··· INFORMATION SHOWN ···
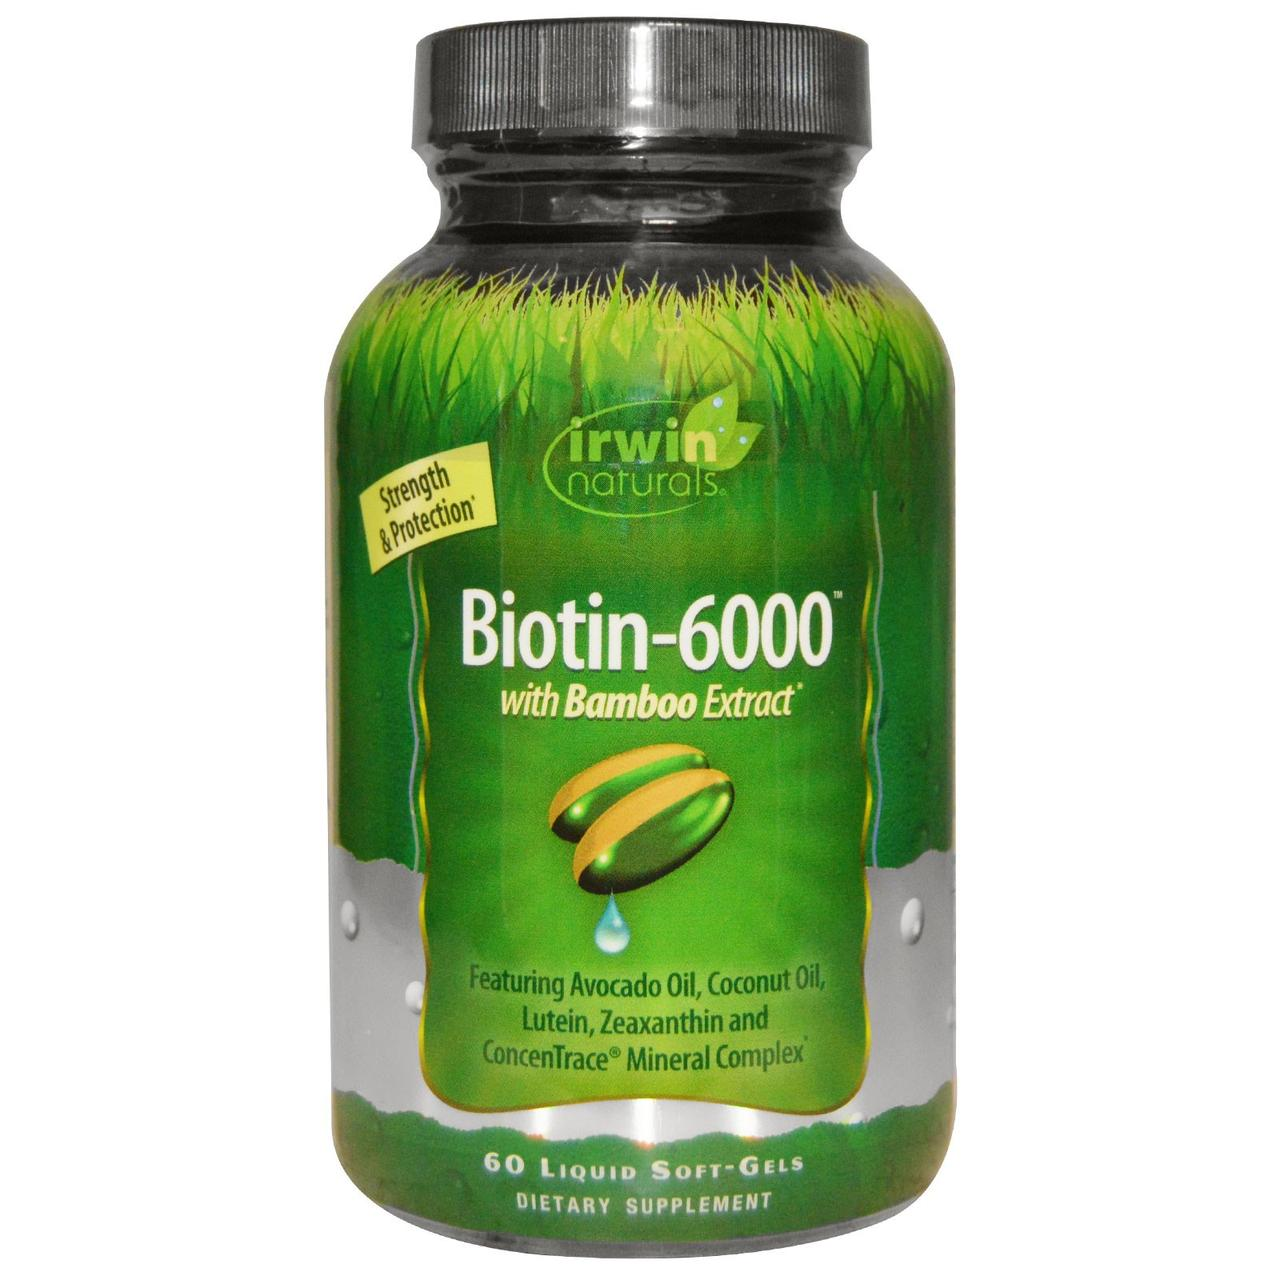 Irwin Naturals, Биотин-6000, С экстрактом бамбука, 60 жидких капсул
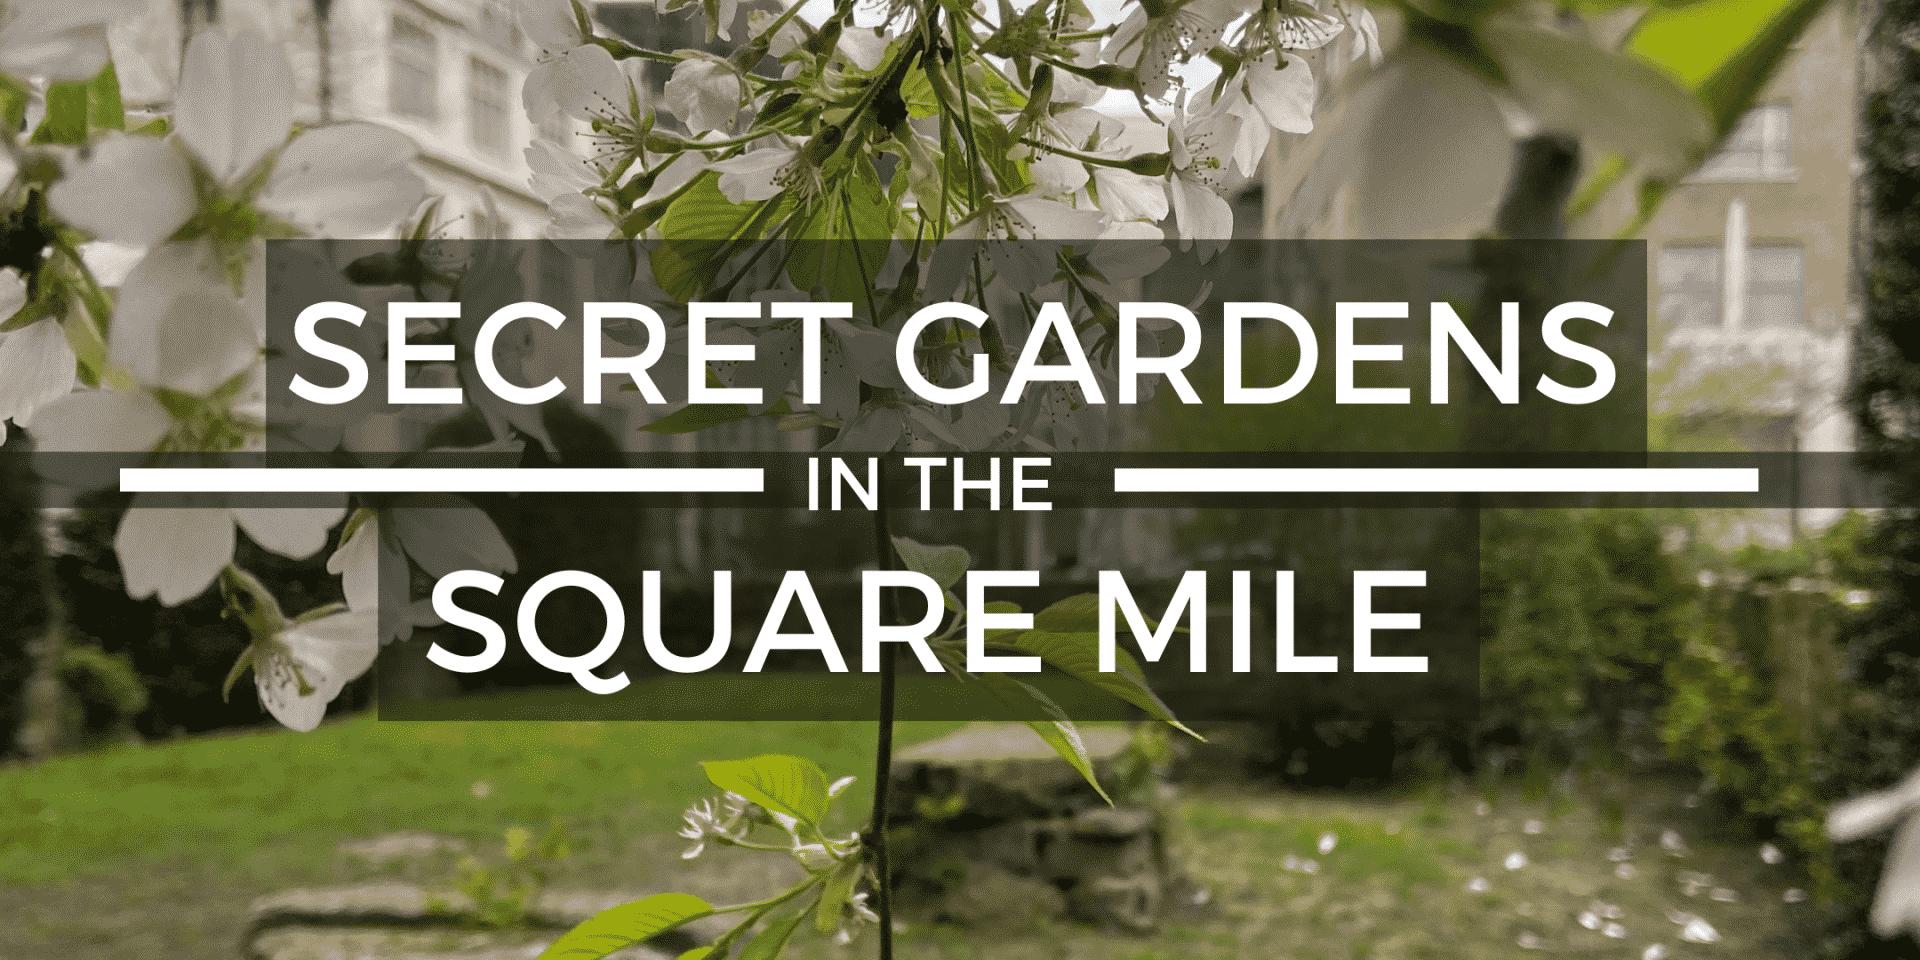 Secret Gardens in the City Virtual Tour
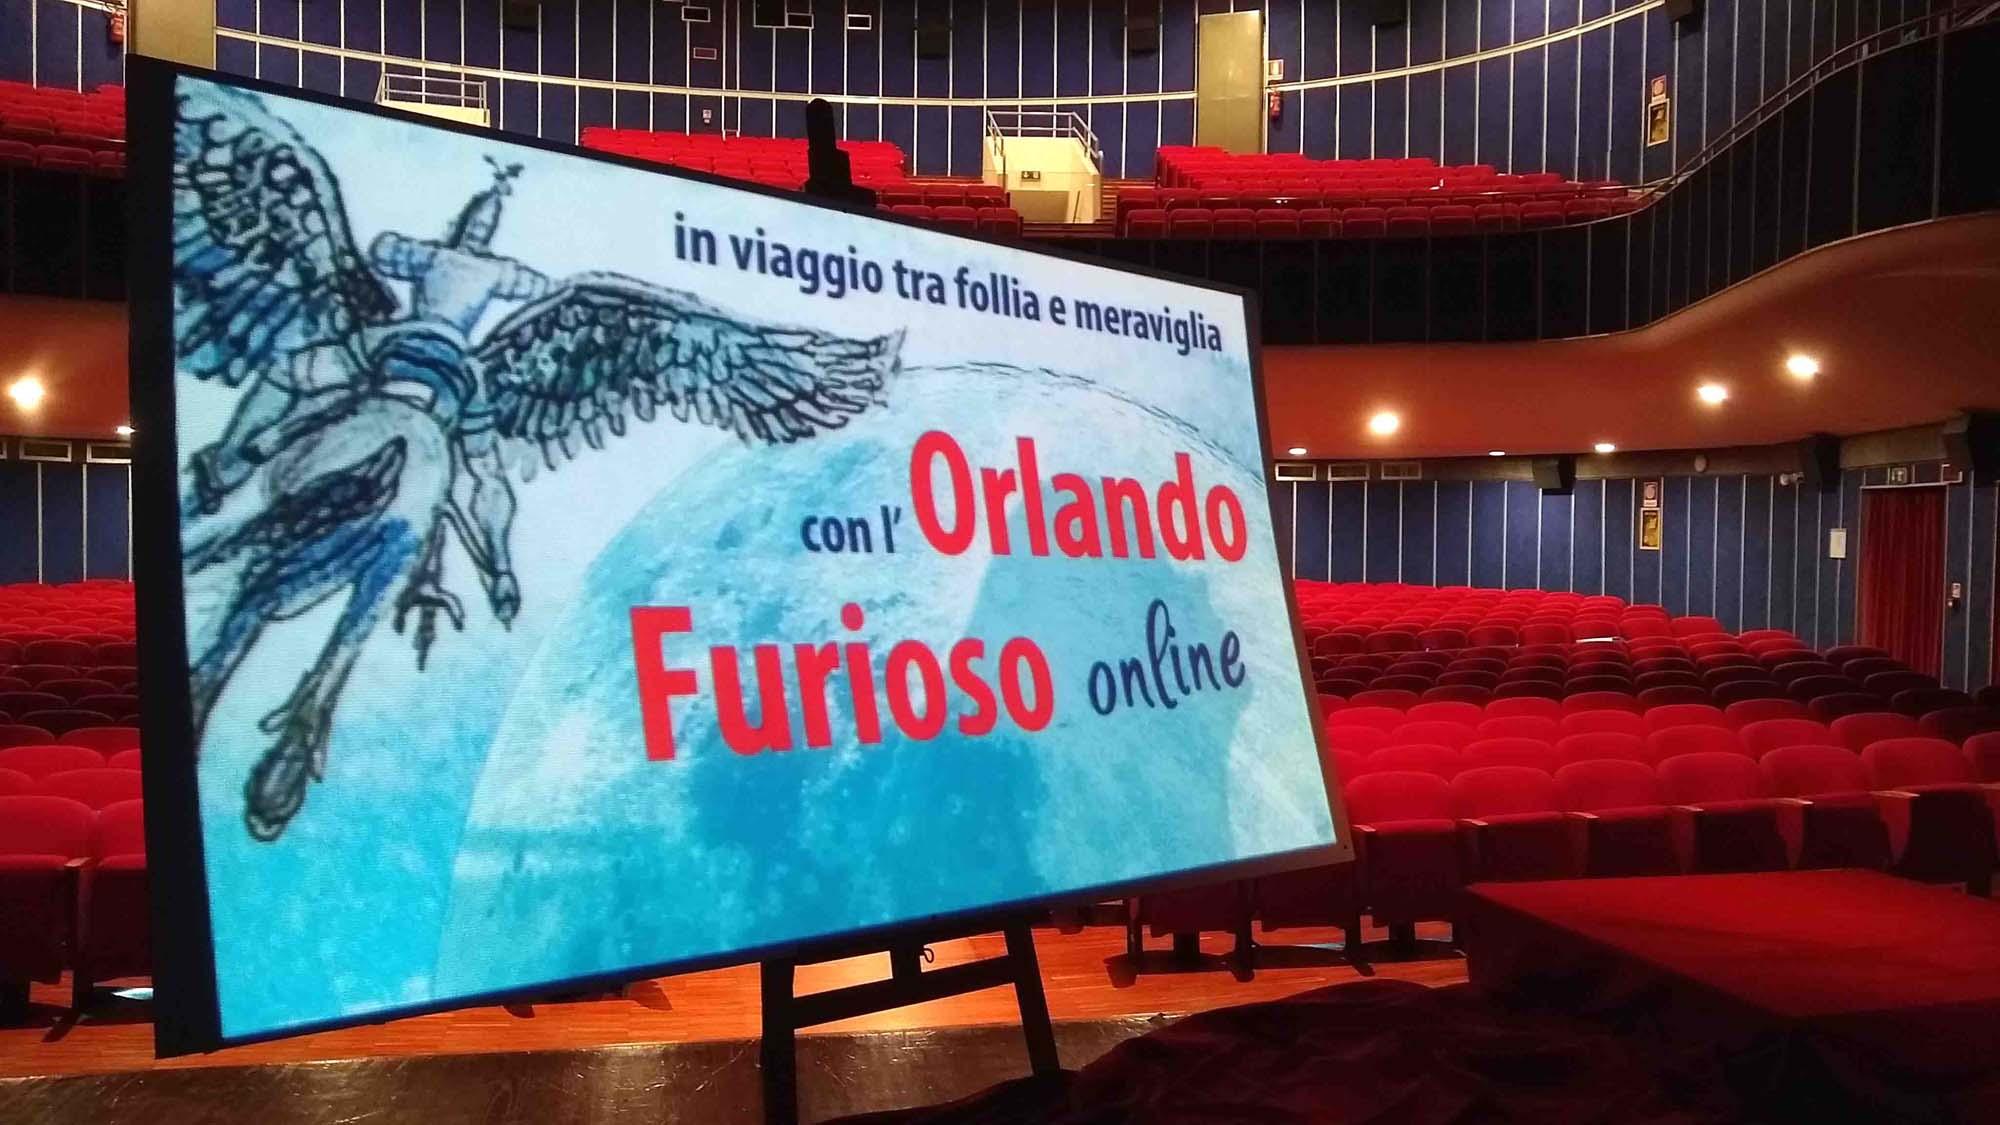 Orlando Furioso Online Letterevive
···
## AIM OF THE TASK
Would you transcribe all of the data exactly, omitting any pictures?

## THE ANSWER
 Irwin Naturals, Биотин-6000, С экстрактом бамбука, 60 жидких капсул
 Secret Gardens in the City Virtual Tour
 Orlando Furioso Online Letterevive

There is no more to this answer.